But a hardcore militant group is trying to sabotage the event.
Members of the Socialist Worker Student Society have plastered posters all over the campus in Mile End, east London, stating “Jacob Rees Mogg not welcome here” and featuring a picture of the Tory MP wearing a top hat.
Accusing the Conservative leadership favourite of belonging to the “most reactionary wing” of the party, the poster criticises the Old Etonian father-of-six for being pro-abortion, even in the case of rape, anti gay marriage and “against the rights of EU nationals to stay”.
In fact, the devout Catholic who is the newly-elected chairman of the pro-Brexit European Research Group, has always called for EU citizens’ rights to be protected after Brexit.
The poster continues: “This is our campus and we shouldn’t be inviting politicians who are against the welfare and freedom of our diverse student and staff body.”
The move is the latest attempt by students to “no platform” a speaker they disagree with, amid concerns universities are not doing enough to protect freedom of speech.
The Office for Students has been recently created to tackle the issue, with former universities minister Jo Johnson threatening to fine universities which try to block speakers with controversial views.
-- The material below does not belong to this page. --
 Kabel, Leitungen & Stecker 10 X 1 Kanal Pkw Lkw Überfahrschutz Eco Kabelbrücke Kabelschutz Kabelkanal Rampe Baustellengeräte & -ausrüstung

Recent cases of “no platforming” include attempts to gag feminist Germaine Greer and gay rights campaigner Peter Tatchell over their views on transgender issues.
Guy Levy, 22, chairman of Queen Mary’s Conservative Society, said the socialist group had insisted it was not trying to no platform Mr Rees-Mogg but exercise its right to free speech.
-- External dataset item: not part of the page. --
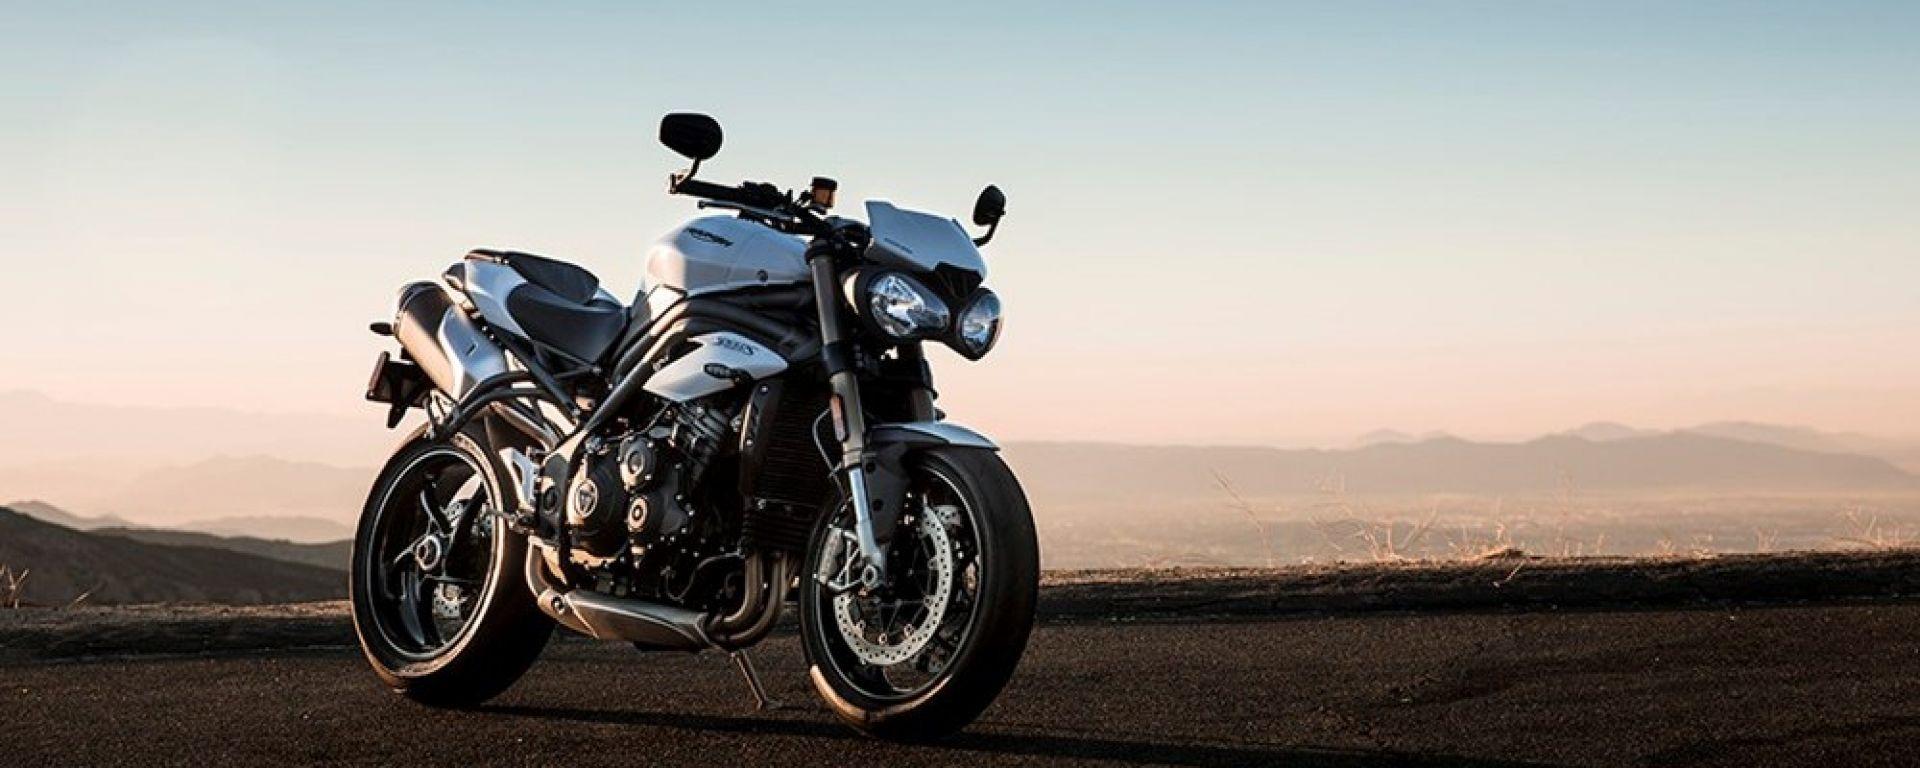 Nuova Triumph Speed Triple, è pronta a gettarsi nella mischia con un nuovo motore e una ciclistica più raffinata

“It’s more pointless than anything,” he said.
“The general feeling is that if they are having a problem then they should attend the speech like everyone else and take part in the question and answer session at the end.”
Mr Rees-Mogg said he would be delighted to answer any of the activists’ questions.
“I am very interested in what they have to say,” he said.
“Like them I believe in freedom of speech and I think they are perfectly entitled to oppose my views.
“I just didn’t know I’d be required to wear a top hat.”